This was a vague paragraph at best and is an example of something you needed to further explain. Things like "Statism" and "Keynesianism" need clearer definitions. Better to fully explain a few key things than vaguely explain too many things.

d) RE: the preparatory path to socialism is a long process that does not entail Marxist indoctrination of the masses, per se, but a demoralization process, which can take on many forms, including: political correctness, multiculturalism, diversity, and moral and cultural relativism. These tend to undermine the individual's sources of ideological resistance. Once the individual's mind is wiped clean of the ability to resist indoctrination or suggestion, then the statists' manipulation of his interpretation of reality can be truly effective.

Worst paragraph in the entire essay. Diversity and multiculturalism are antitheses to capitalism??? Come on. Don't let your other social and/or political view-points overtake an objective discussion about the nature of capitalism and socialism. This paragraph was about ideological indoctrination, but ironical its the most ideological and least objective in your entire essay. Good definition of ideological indoctrination, just pay attention to it yourself and don't get trapped in your own ideology.

Overall it was a good essay. I'd say a solid B. You did good for tackling such a complex issue and doing well to explain many things, but all the mistakes I mentioned above (plus a few others) would pull your grade down. Keep reading and working and I can see your understanding really grow. :)

Anonymous said...

To Eric:

I am not arguing that private property was not violated from the very beginning. See the Virginia Declaration of Rights for an explicit right to private property that is much more in line with the views of most founders, and not the Hamiltonian traitors who sabotaged the republic from the very beginning. See Thomas Di'Lorenzo's new book on Hamilton.

To Anonymous:

Do not grade me like your pupil, because I warrant I have some background on this subject that you do not. But I should say that I enjoy being challenged, just be respectful and don't underestimate the knowledge of your audience gleaned from one essay. If there are some "gaps" in the essay, I am assuming you have some understanding of the subject that I do not have to make explicit in the interest of space.

A. The world peace movement is largely a product of the hard left, fueled by KGB and world communist operations, such as those conducted by the verifiably communist, but now defunct World Peace Council.
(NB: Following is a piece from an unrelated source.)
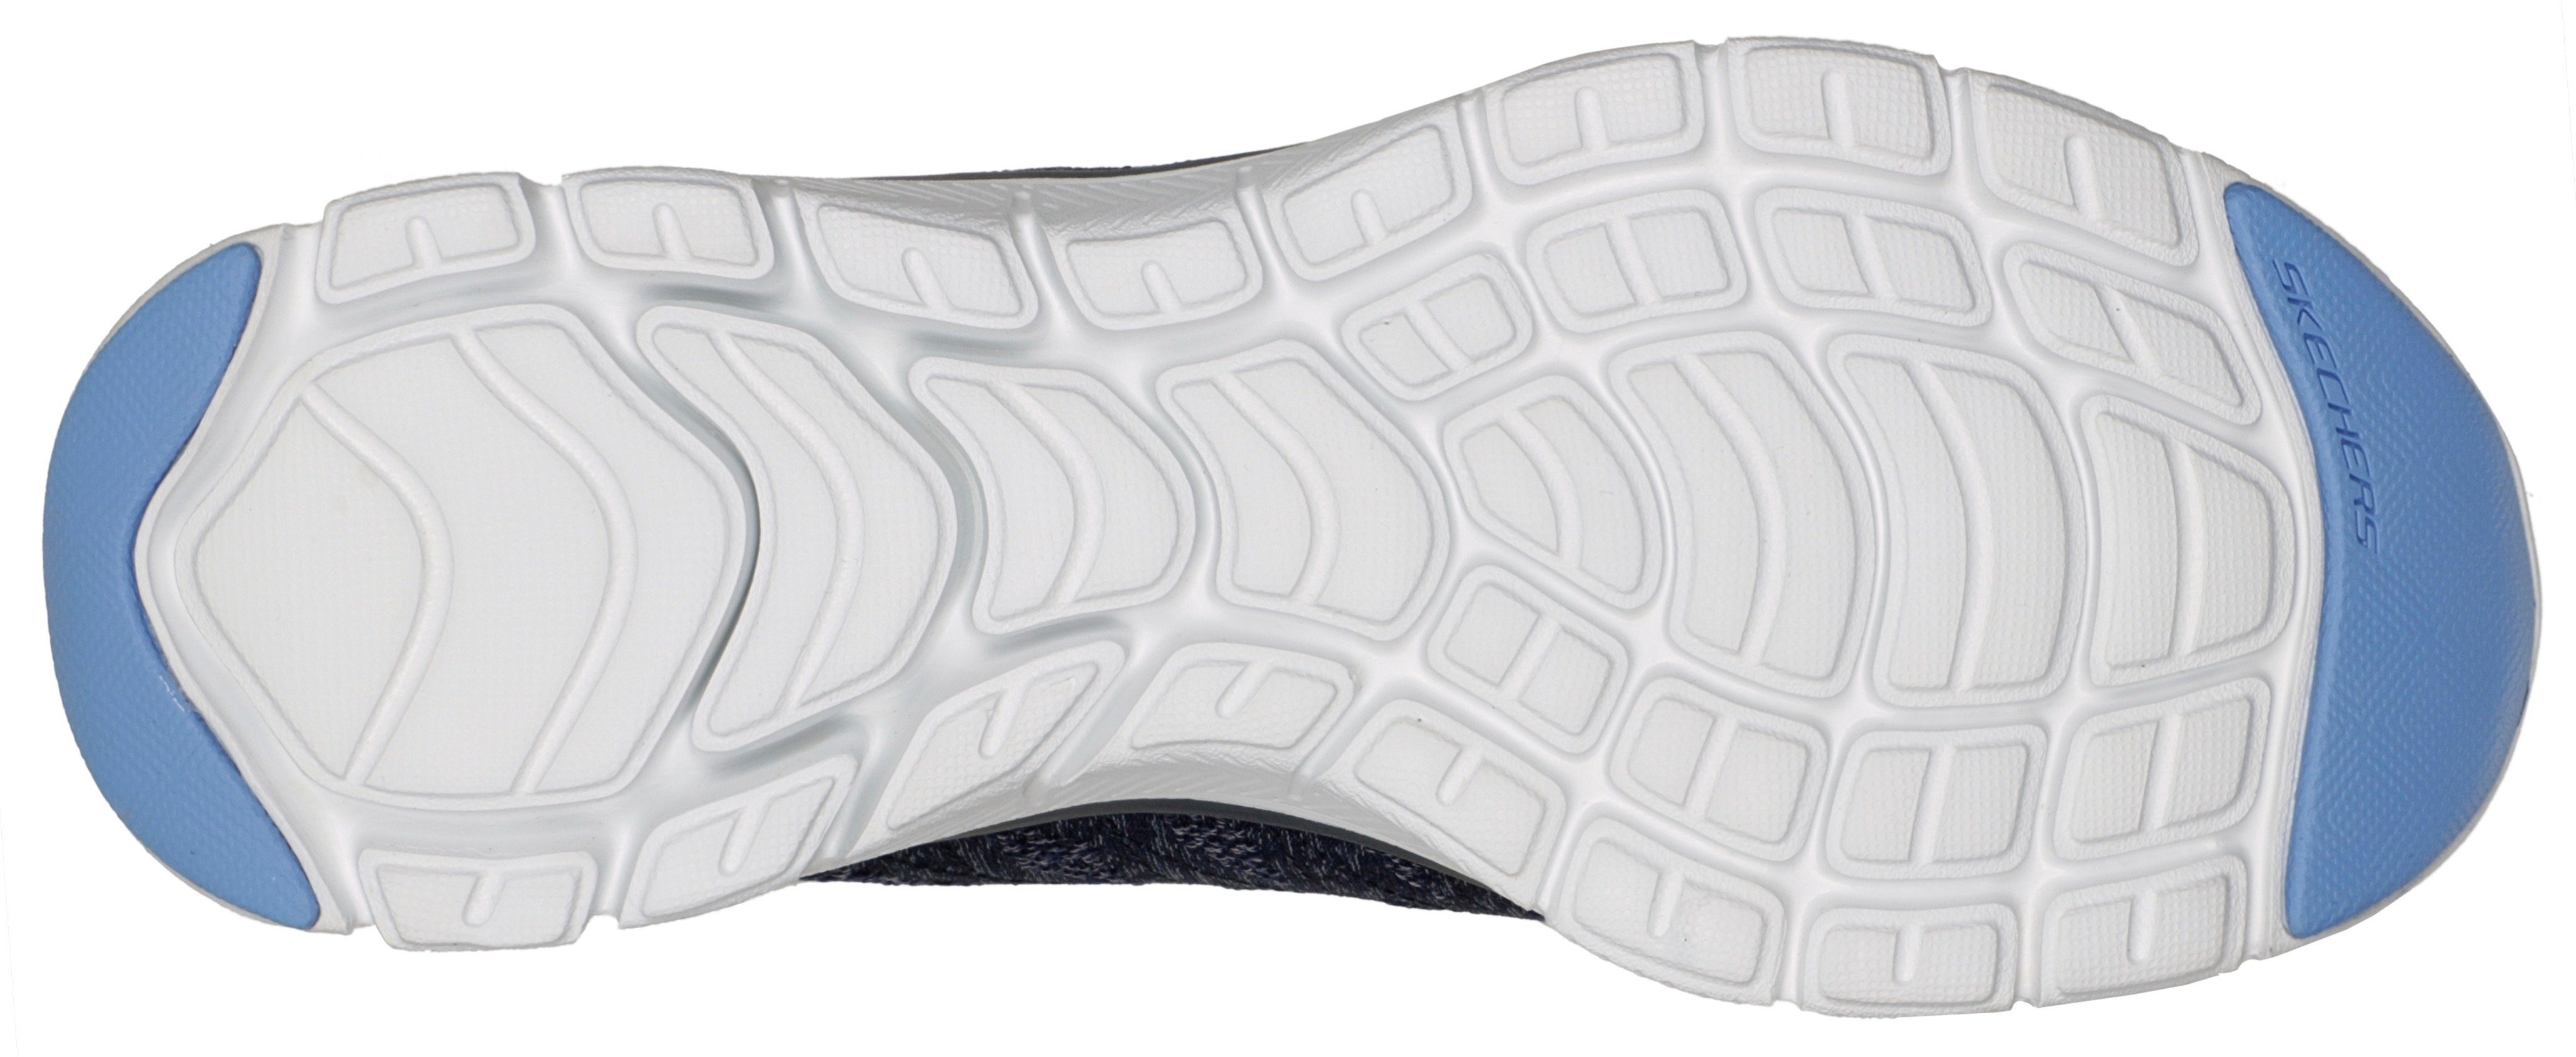 Foam Air MOVE FRESH 4.0 Sneaker Skechers APEEAL Cooled FLEX navy mit Memory

Private property is a barrier to the infringement of the ultimate sovereignty of the individual. When a people control their own labor and property, they are not "compromised" by foreign power because they control their own destinies. The socialistic assumption that one is being "coerced" by having to work hard and produce in a competitive market, no matter how large, is lazy thinking.

B. Capitalism is not inherently monopolistic - this is another socialist myth. Large corporations that leverage economies of scale make a trade-off, one of local information and pliability to local markets. Competitors have an opportunity to cut in on large businesses by targeting local tastes or developing a local market, especially one for alternative goods.

In addition, those monopolies that seek to leverage their dominant market share by raising prices are inevitably inviting competition, either for direct rival companies, or alternative goods. An important consideration is the availability of credit, which should not be manipulated by a central bank, but by privately owned independent banks who can assess risk and credit-worthiness on a case by case basis, set their own interest rates, and raise their own capital, backed by actual goods such as specie, commodities, or real estate.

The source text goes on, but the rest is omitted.